Ohio Gov. Mike DeWine and Ohio Department of Natural Resources Director Mary Mertz dedicated a new memorial tree grove Friday, April 30, 2021, in honor of the victims and survivors of COVID-19 as well as all Ohioans who made personal sacrifices to protect others amid the coronavirus pandemic. During the ceremony, DeWine, first lady Fran DeWine and Mertz planted the first tree in the new grove. CONTRIBUTED
Ohio Gov. Mike DeWine and Ohio Department of Natural Resources Director Mary Mertz dedicated a new memorial tree grove Friday, April 30, 2021, in honor of the victims and survivors of COVID-19 as well as all Ohioans who made personal sacrifices to protect others amid the coronavirus pandemic.

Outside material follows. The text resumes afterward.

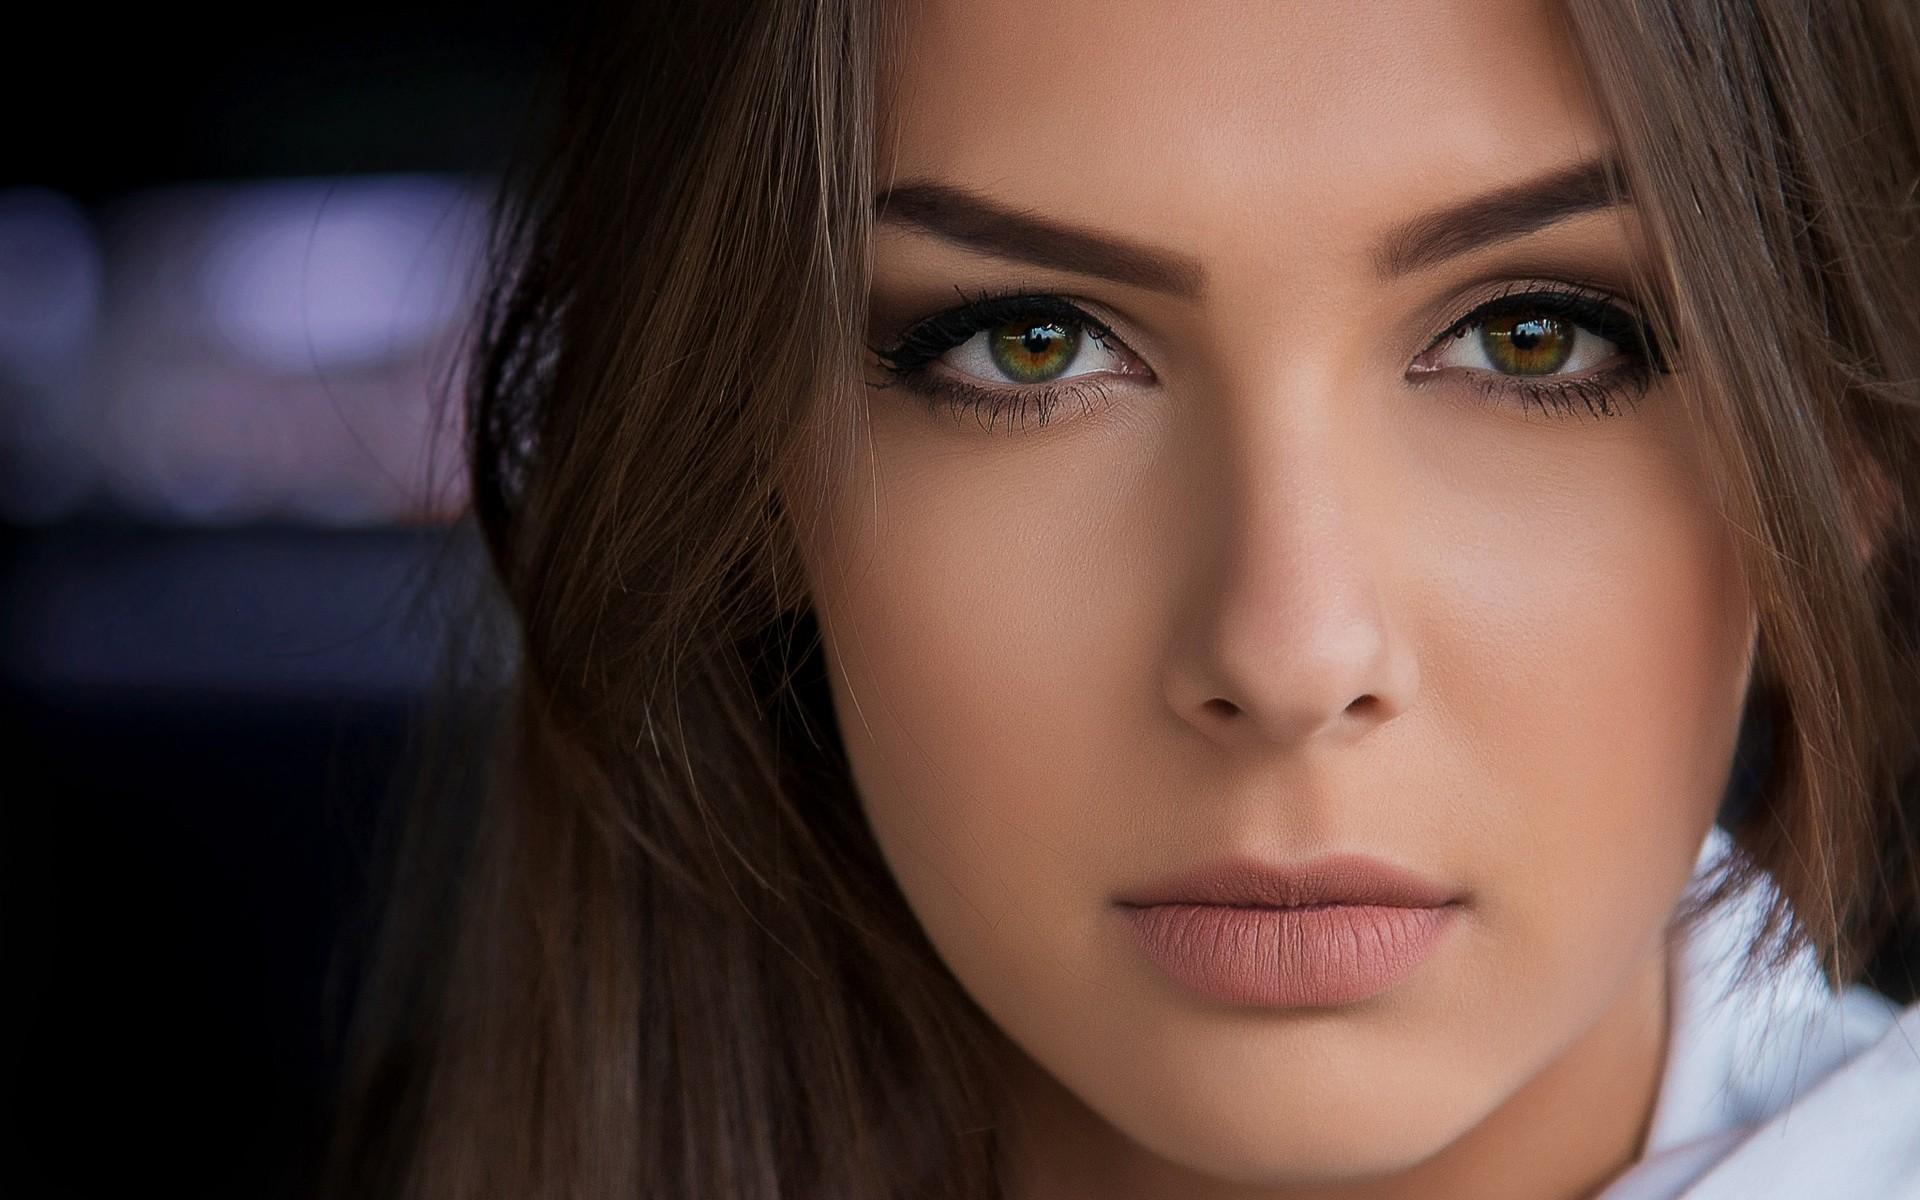 Wallpaper : face, Photoshop, women, model, glasses, black

During the ceremony, DeWine, first lady Fran DeWine and Mertz planted the first tree in the new grove. CONTRIBUTED

Credit: CONTRIBUTED

Credit: CONTRIBUTED

Gov. Mike DeWine wants a memorial grove of 15 tree honoring coronavirus victims and survivors to serve as a symbol of hope.

“I think they should also symbolize the resiliency of the people of Ohio,” he said. “We’ve been through a lot. We have a little more to go. But we will come out of this, and we will be strong. We will not forget those who we have lost, but we will push on to make this a better state for everyone.”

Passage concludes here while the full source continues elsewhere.